Abstract
High-resistivity (CdZn)Te is a very promising material for X-ray and gamma-ray detectors capable of work at room temperature due to optimal energy bang-gap and high density. One of the main problems of preparation of high performance detectors is formation of stable electrical contacts.
Contact preparation is a complex of methods including surface treatment, metallization and surface passivation. Each step has to be optimized to eliminate leakage current, detector polarization and formation of oxide layer under electrical contact resulting in surface recombination.
The alcohol-based gold contacts are very promising electrical contacts since they do not allow formation of surface oxide layer unlike aqueous based gold chloride contacts in which the oxide layer forms. Another advantage of alcohol-based gold contacts is their higher adhesion to detector which reflects lack of oxide layer as well as different chemistry involved in contact creation.
Transport properties of CdZnTe detectors with alcohol based gold contacts is compared to another types of electrical contacts such as aqueous based gold contacts and evaporation. Laser induced transient current technique (L-TCT) is used for investigation of internal electric field, drift mobility, surface recombination and the dynamics of charge trapping and detrapping for the detector with different electrical contacts.

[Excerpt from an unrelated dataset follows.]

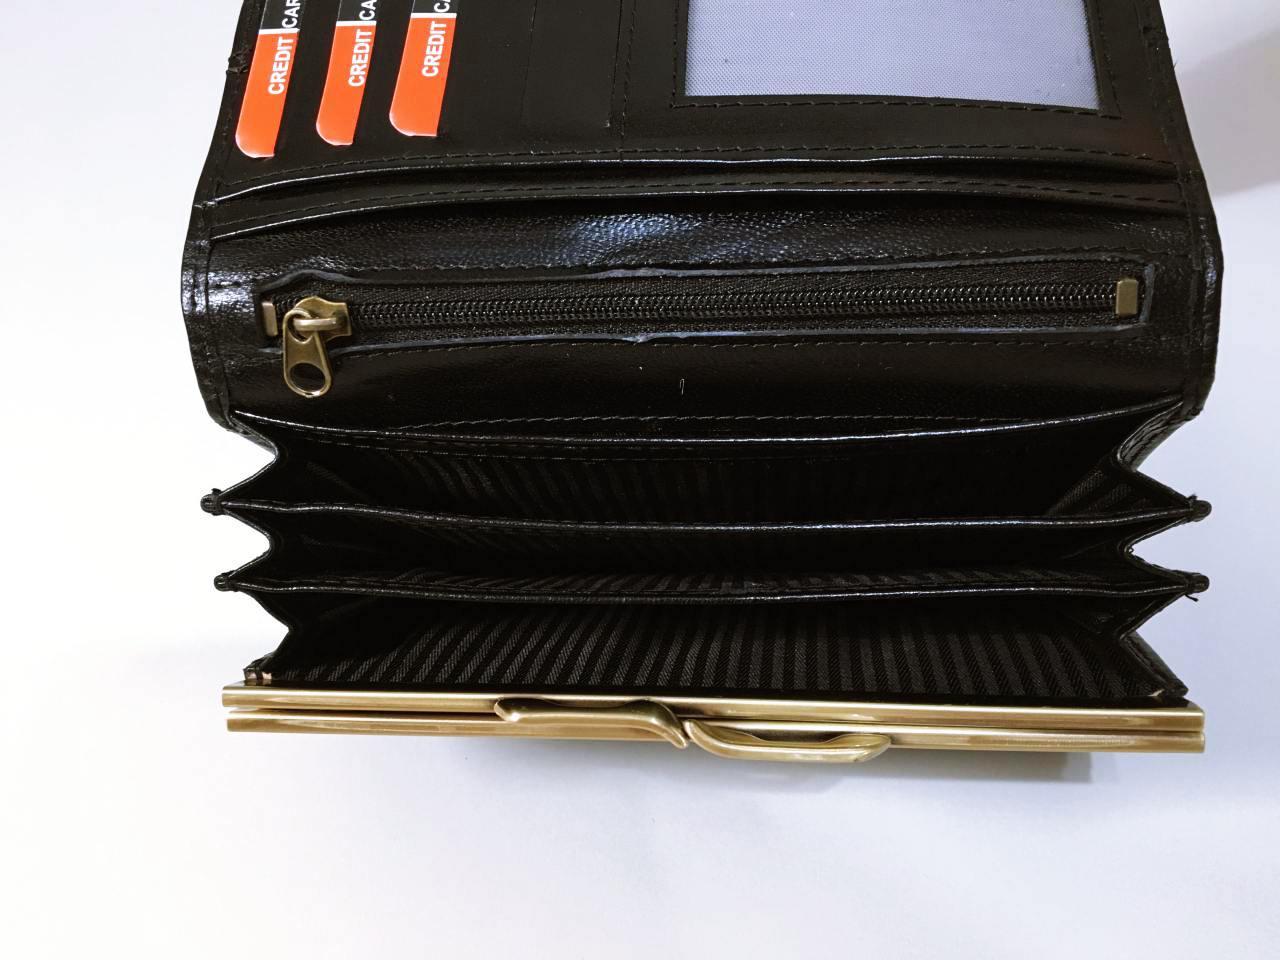 Kožená peněženka Lorenti N černá 04

The main advantage of alcohol-based contacts is their lower leakage current resulting in less noise and higher possible operating voltage. This allows for faster charge collection and thus faster operation of a detector.
Electrical contact configuration with guard ring is used for the characterization of the leakage current and theoretical model based on the two-opposite connected Schottky diodes with shunted resistance is used for evaluation of contact properties.